• _Task description_
Copy out the full listing exactly, omitting any picture it contains.

• _Raw data_
- - - -

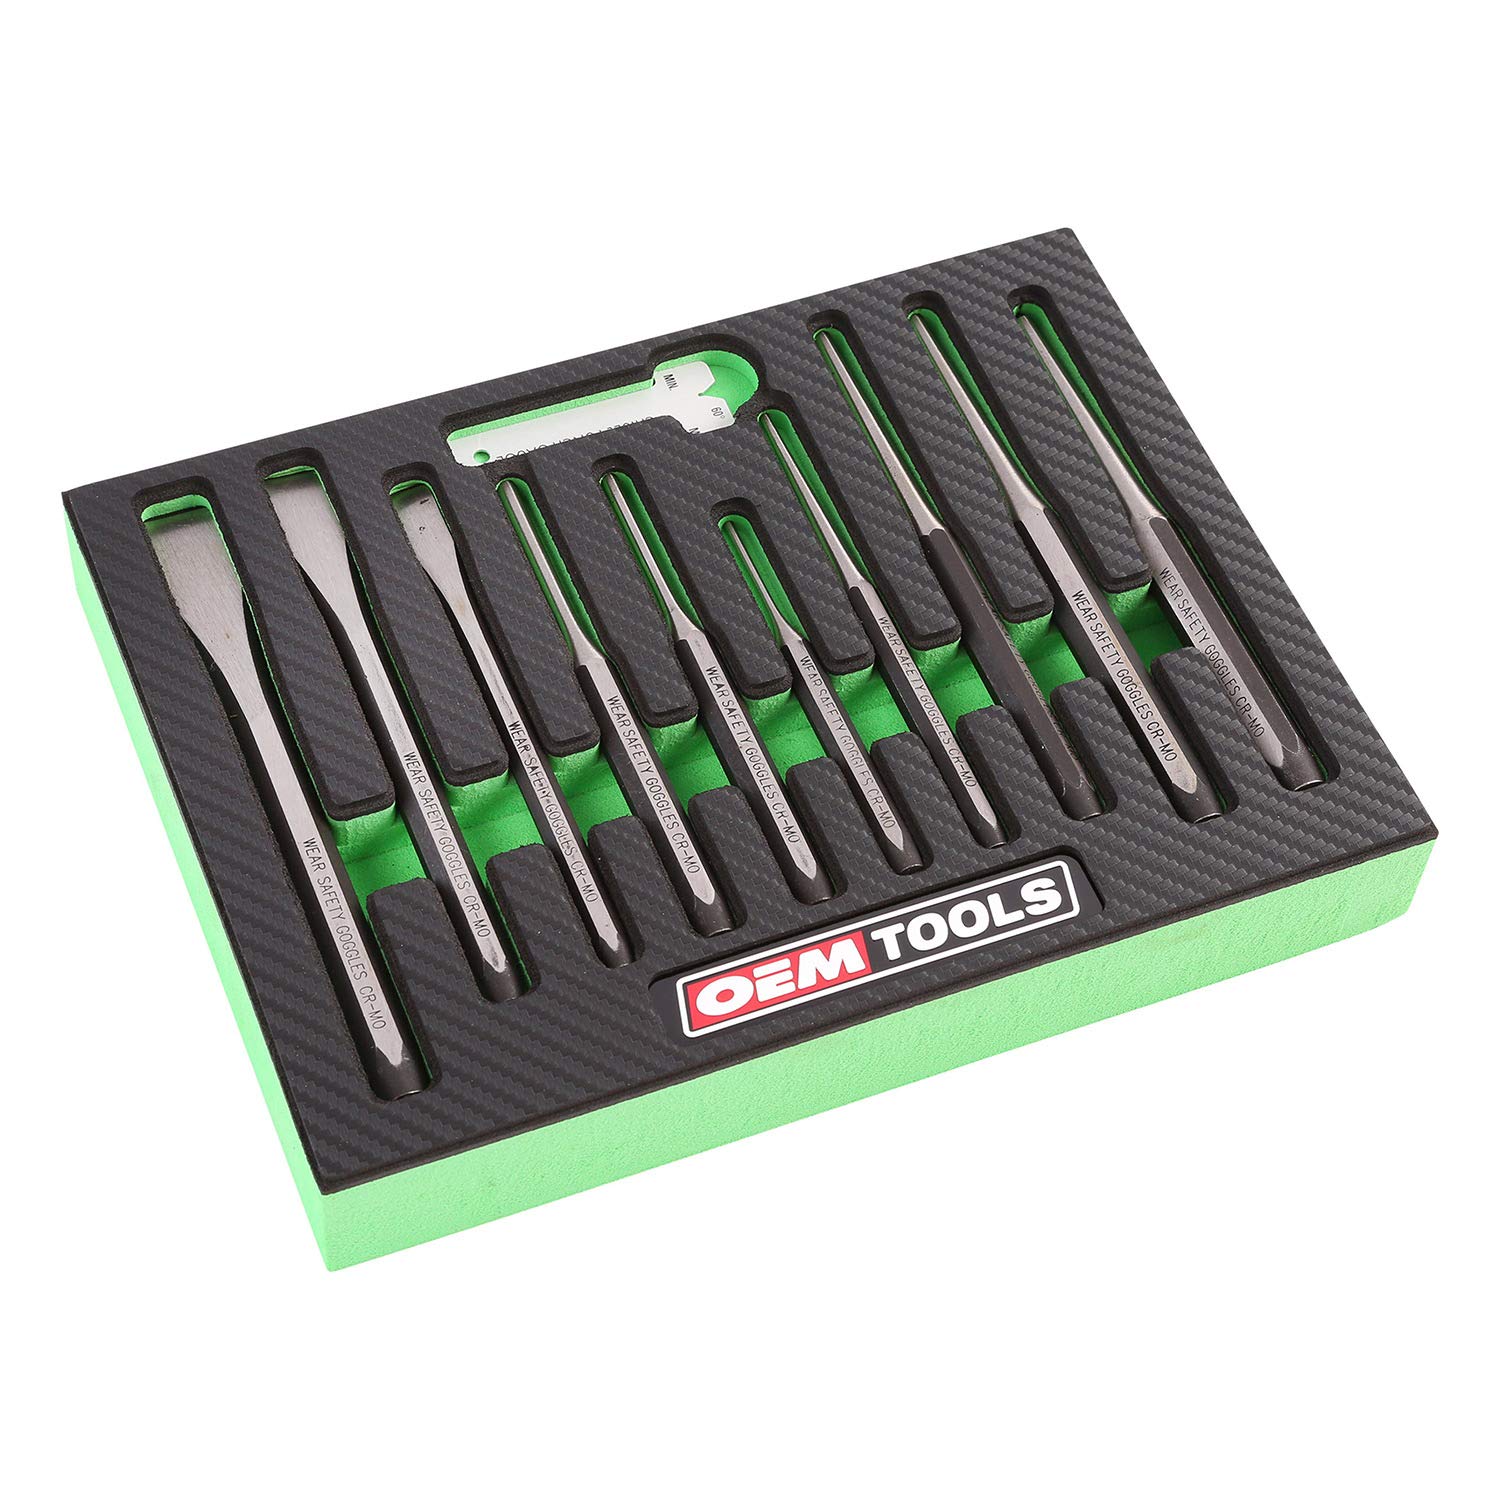 OEMTOOLS 23996 Punch and Chisel Set, 11 Piece, Cut, Shape, and
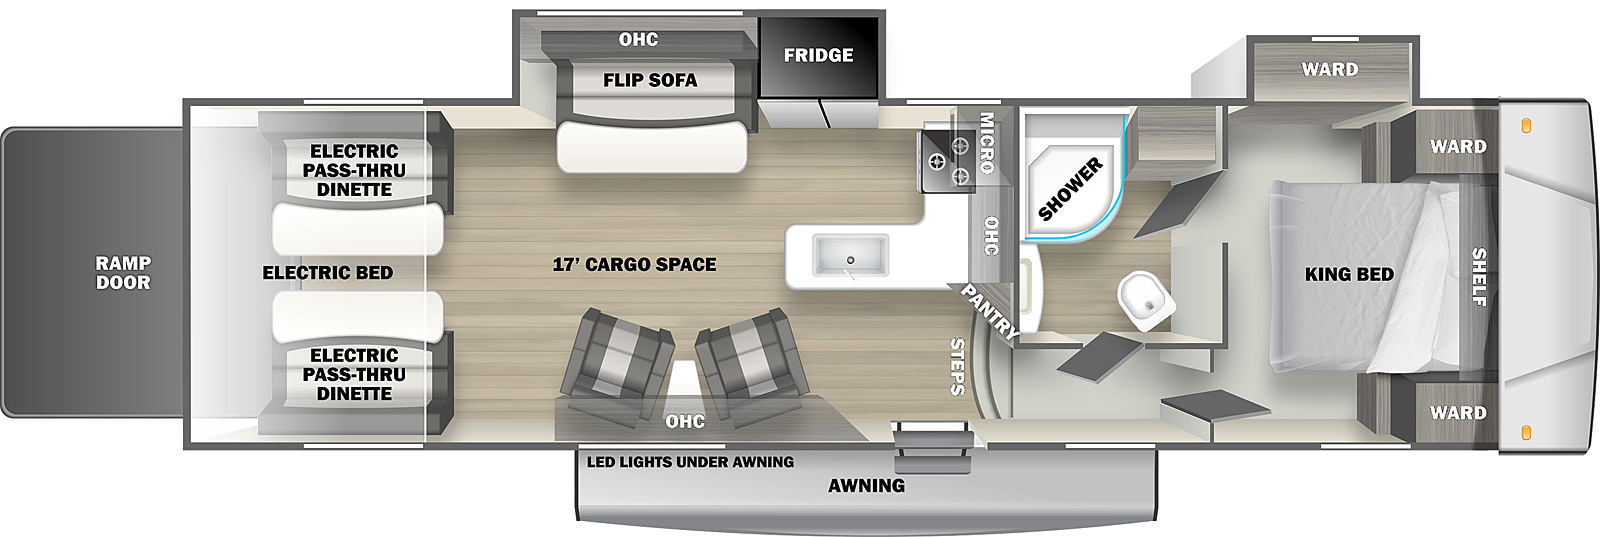 The Shockwave 32FWGDX is a toy hauler fifth wheel with one entry door, a rear ramp door, two slides on the off-door side, and 18' awning on the exterior. Inside, a walkaround king bed is located in the front of the unit, with wardrobe cabinets on either side, cabinets above the head of the bed, and a wardrobe vanity in a slideout on the off-door bedroom wall. There are two doors in the bedroom, one leading into the bathroom and one opening to a short hallway with steps leading into the main living area. The bathroom contains a sink, medicine cabinet, commode, linen cabinet, and radius glass shower. The kitchen area is located on the opposite side of the bathroom wall, which faces the rear of the unit. There is an L-shaped countertop with a sink, stovetop and oven, with cabinets and a microwave oven mounted overhead. Next to the kitchen area on the off-door wall is a slideout containing a double door refrigerator and flip sofa with half dinette table and overhead cabinets. Across from the slideout on the door side are additional overhead cabinets and a pair of upholstered chairs with small table between them. In the rear of the unit are two flip sofa benches, one on either side, with a split dinette table between them. These convert to a standard electric bed. This trailer provides 17' of interior cargo space.
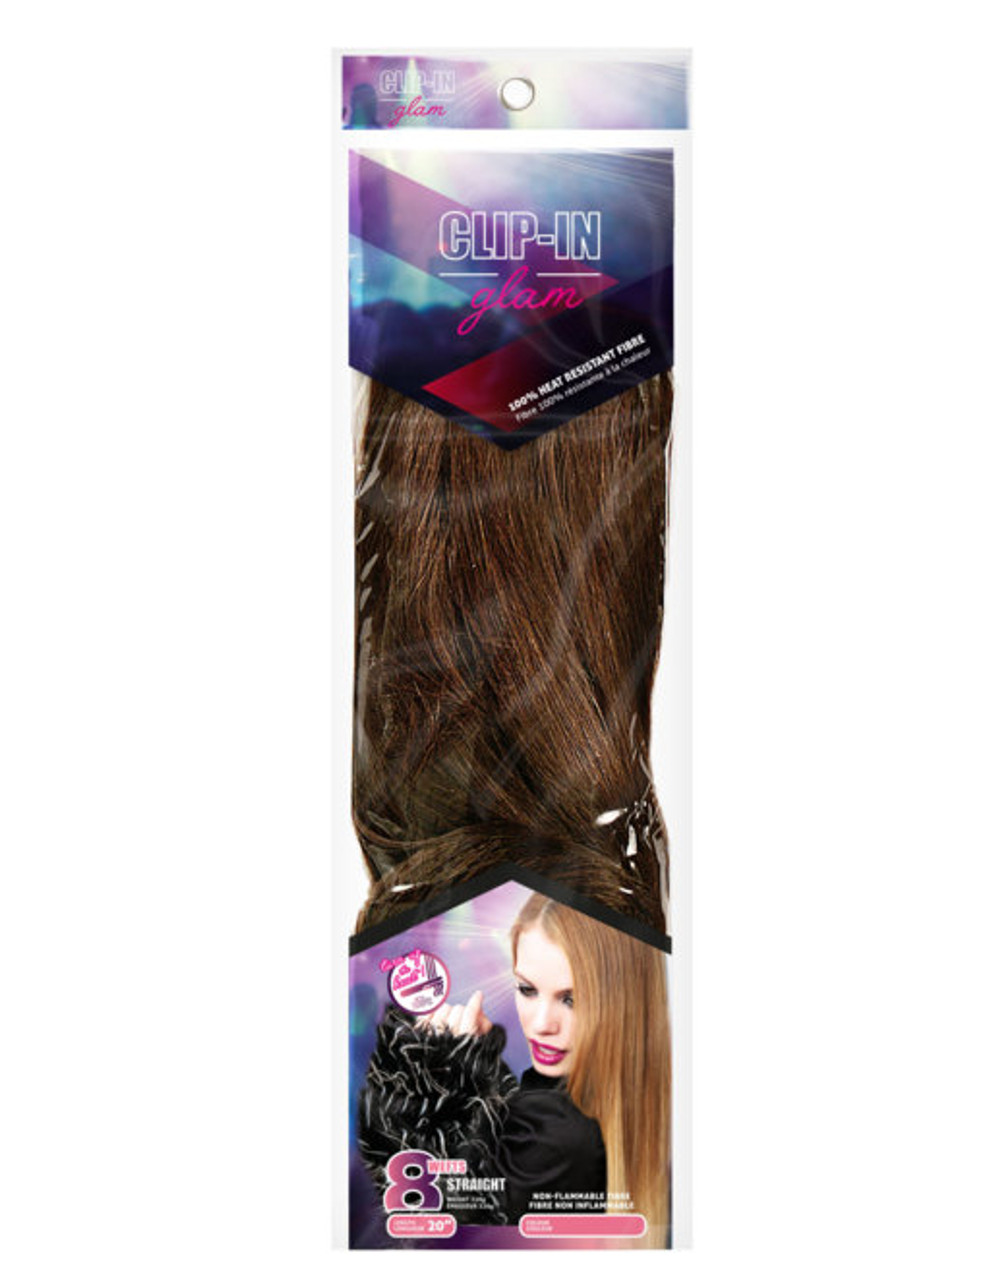 Clip-In Glam Straight 8-Piece Hair Extensions

- - - -

• _Exercise solution_
 OEMTOOLS 23996 Punch and Chisel Set, 11 Piece, Cut, Shape, and
 The Shockwave 32FWGDX is a toy hauler fifth wheel with one entry door, a rear ramp door, two slides on the off-door side, and 18' awning on the exterior. Inside, a walkaround king bed is located in the front of the unit, with wardrobe cabinets on either side, cabinets above the head of the bed, and a wardrobe vanity in a slideout on the off-door bedroom wall. There are two doors in the bedroom, one leading into the bathroom and one opening to a short hallway with steps leading into the main living area. The bathroom contains a sink, medicine cabinet, commode, linen cabinet, and radius glass shower. The kitchen area is located on the opposite side of the bathroom wall, which faces the rear of the unit. There is an L-shaped countertop with a sink, stovetop and oven, with cabinets and a microwave oven mounted overhead. Next to the kitchen area on the off-door wall is a slideout containing a double door refrigerator and flip sofa with half dinette table and overhead cabinets. Across from the slideout on the door side are additional overhead cabinets and a pair of upholstered chairs with small table between them. In the rear of the unit are two flip sofa benches, one on either side, with a split dinette table between them. These convert to a standard electric bed. This trailer provides 17' of interior cargo space.
 Clip-In Glam Straight 8-Piece Hair Extensions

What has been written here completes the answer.